00:06:25.240 | In terms of performance,
00:06:28.320 | this is the name of the game.
00:06:29.840 | As I said before,
00:06:30.840 | we are seeking artifacts that are more efficient,
00:06:33.120 | but nonetheless still performant.
00:06:35.120 | I thought I would wrap up this short screencast by just summarizing what we
00:06:39.280 | know for the specific case of natural language understanding focused on glue.
00:06:44.000 | Based on the evidence,
00:06:45.440 | I think it's fair to say that we can distill
00:06:47.880 | BERT models down into much smaller models that are still highly performant.
00:06:52.960 | A lot of this research has used the glue benchmark to track
00:06:56.400 | this and it's all converging on the same insight.
00:06:59.340 | In the famous distill BERT paper,
00:07:01.300 | they took BERT base and distilled it down into six layers
00:07:04.960 | with 97 percent of the glue performance retained.
00:07:08.880 | Sun et al did something similar.
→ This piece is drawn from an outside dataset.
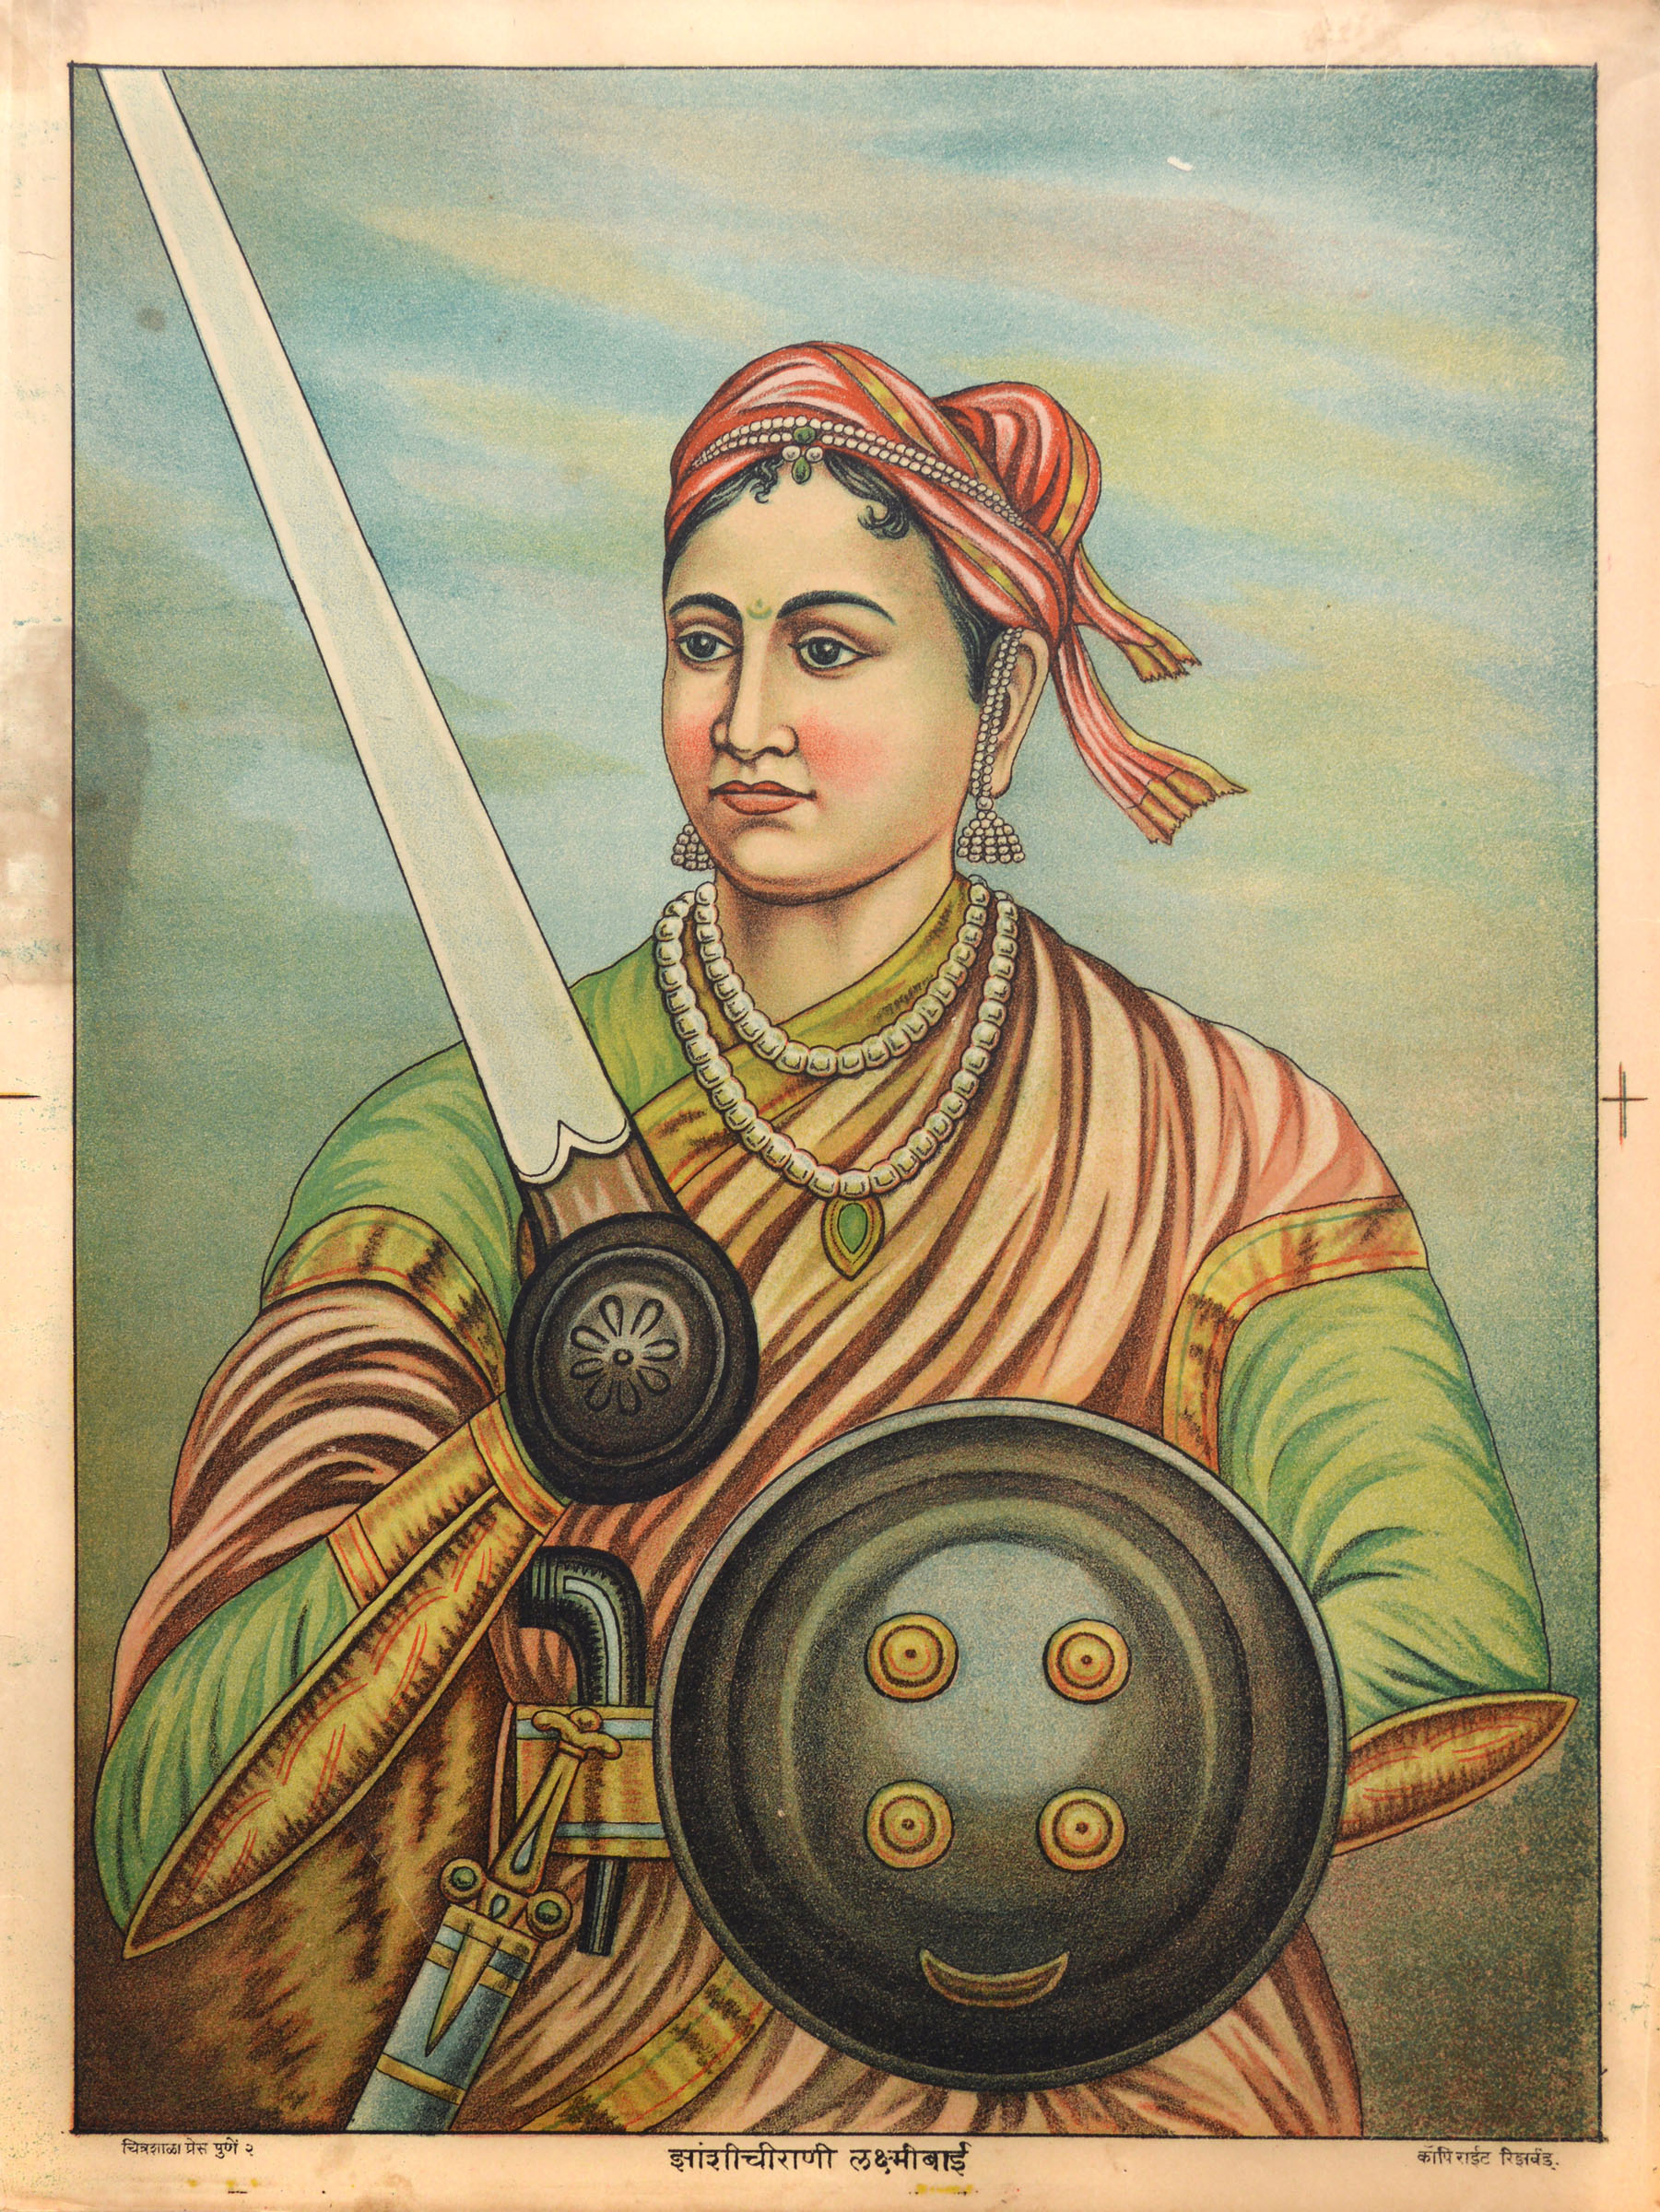 Lakshmibai, the Rani of Jhansi (1828-1858)
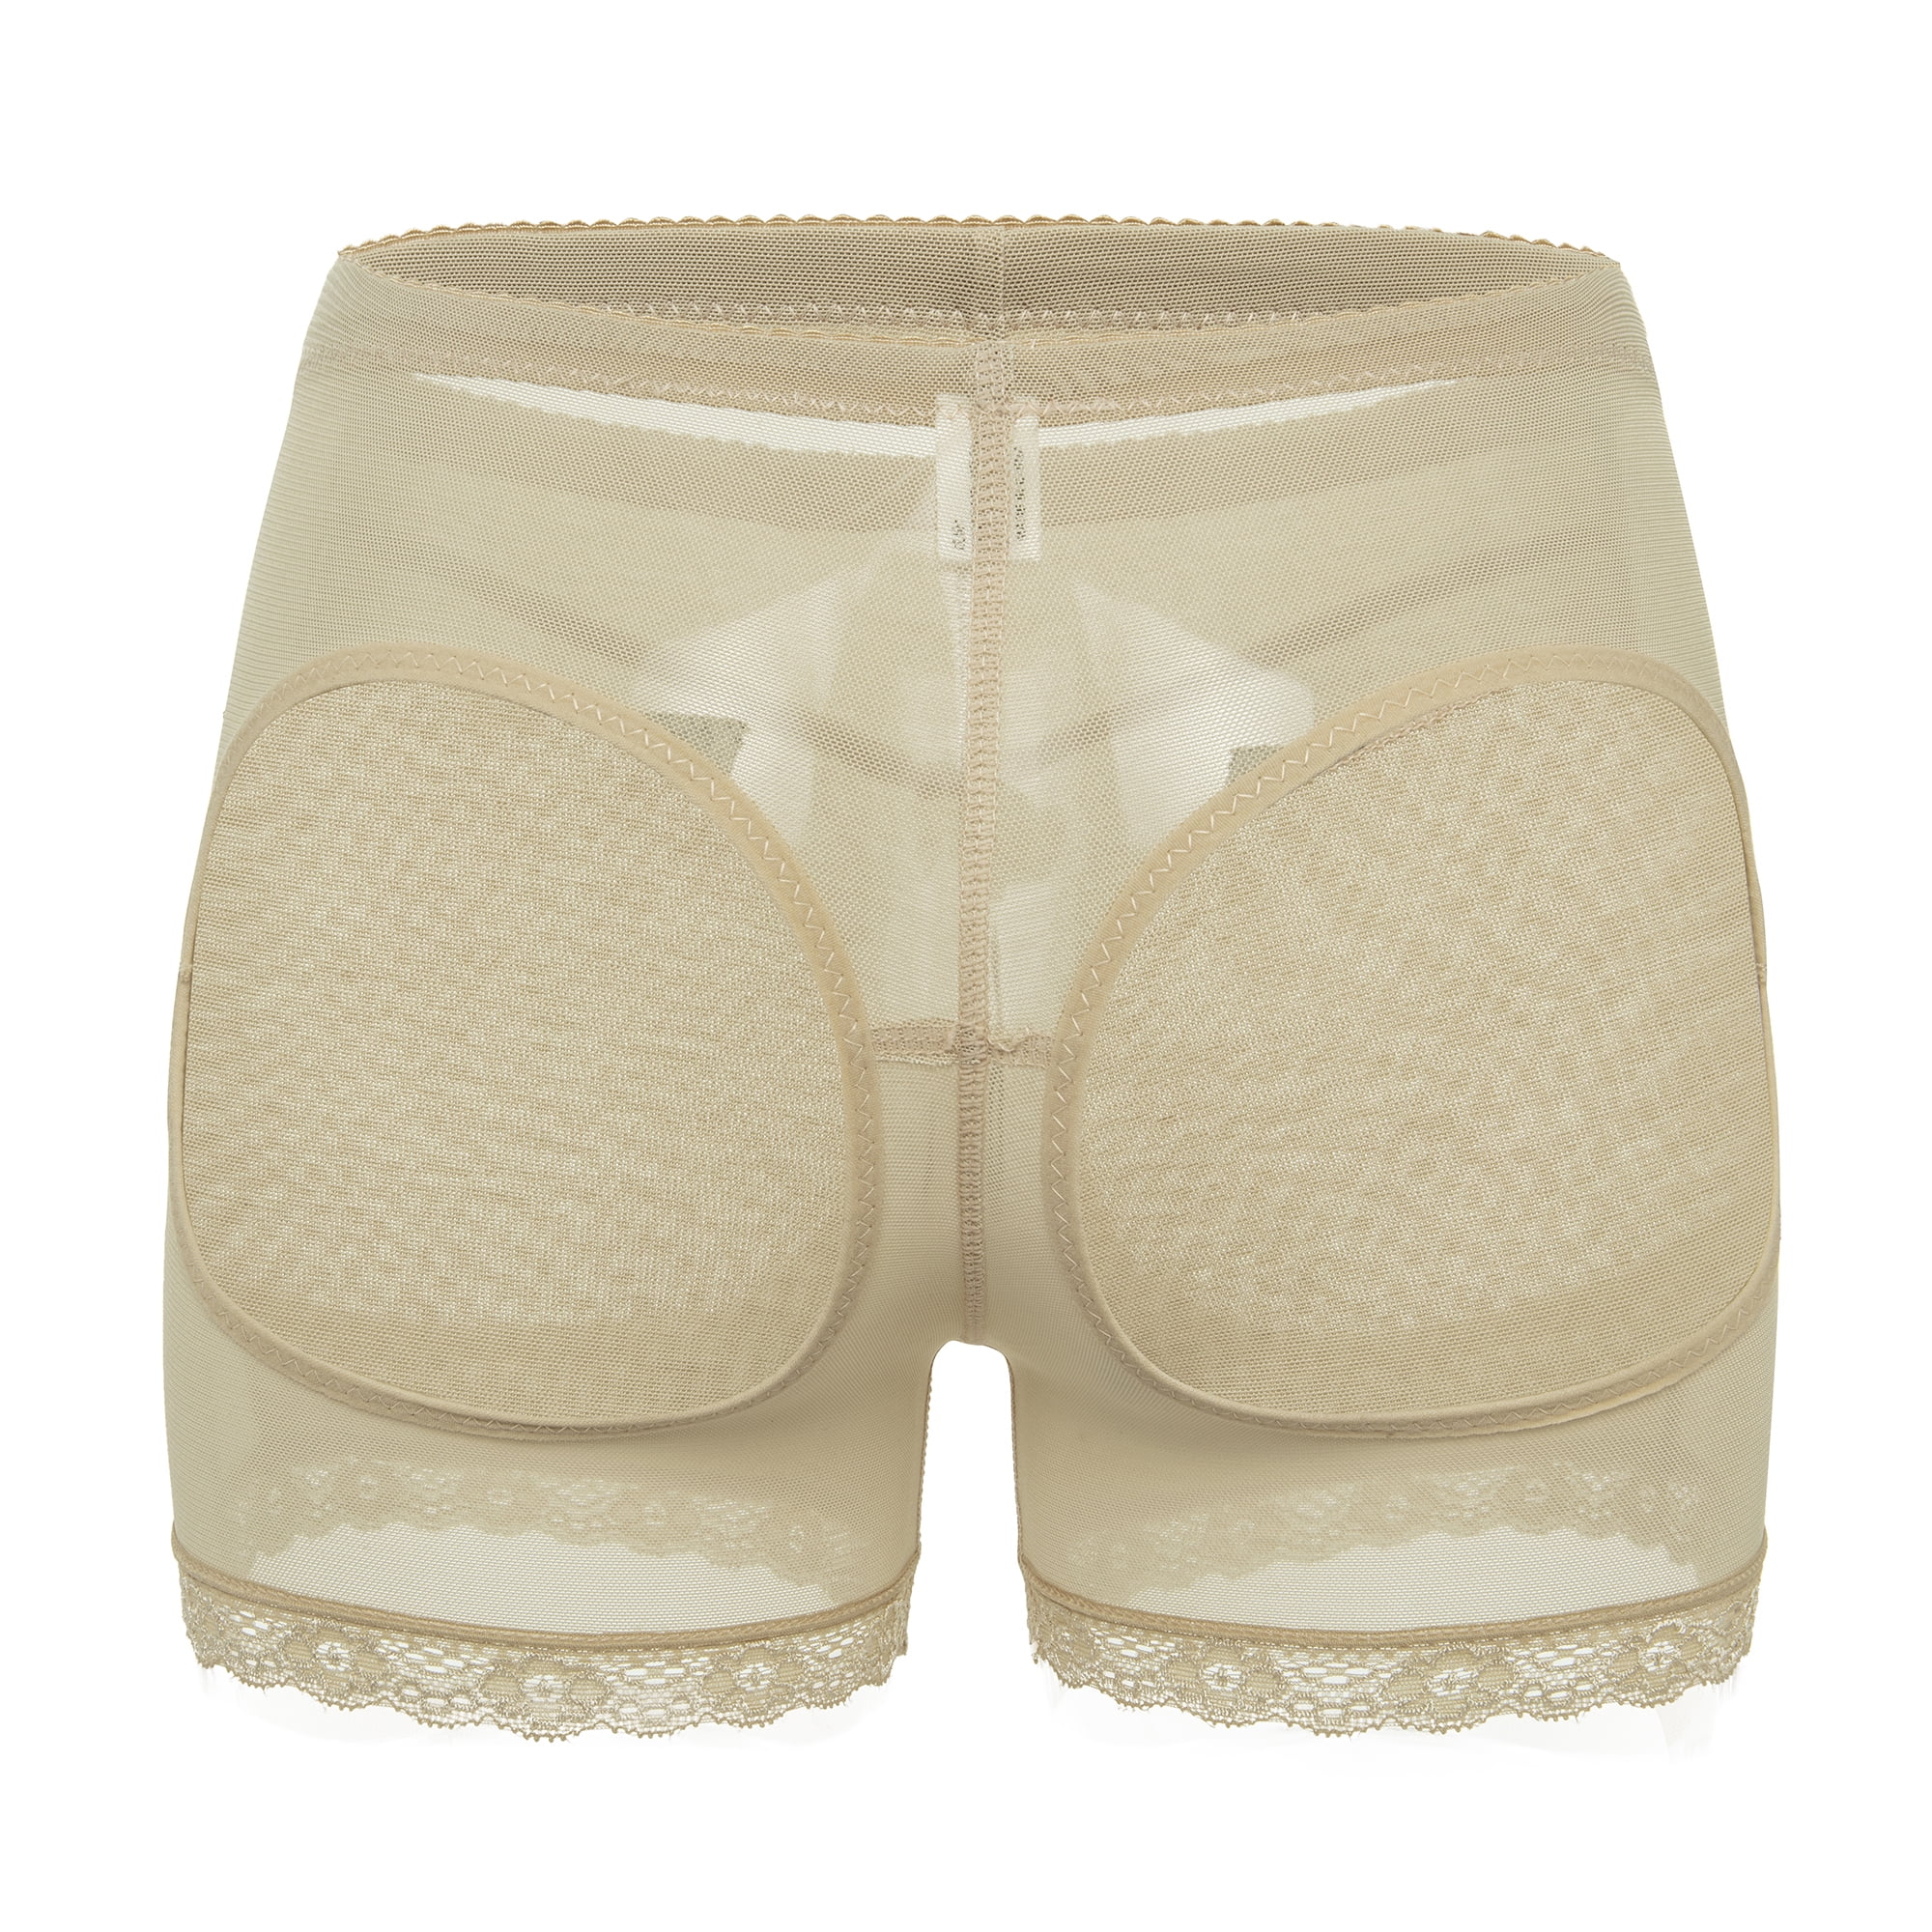 New Booster Panties - Creme Caramel - Butt Enhancing Underwear for Women |  Body Shaper

00:07:10.940 | They tried BERT based on into three layer and six layer,
00:07:14.380 | and also saw that they could maintain outstanding performance on glue.
00:07:18.940 | Similarly, Jow et al 2020 distilled BERT base into four layers,
00:07:23.460 | and again saw very strong results on glue.
00:07:26.680 | This set of results here is noteworthy because it's converging on the same lesson.
00:07:31.180 | We can make BERT much smaller by distilling down into
00:07:34.500 | a much smaller student that still does well on benchmarks like glue.
00:07:39.180 | That should be inspiring in terms of thinking about
00:07:41.500 | distillation as a powerful tool in your toolkit for taking very large and maybe
00:07:46.960 | expensive teachers and turning them into things that might
00:07:50.060 | have more practical utility out in the world.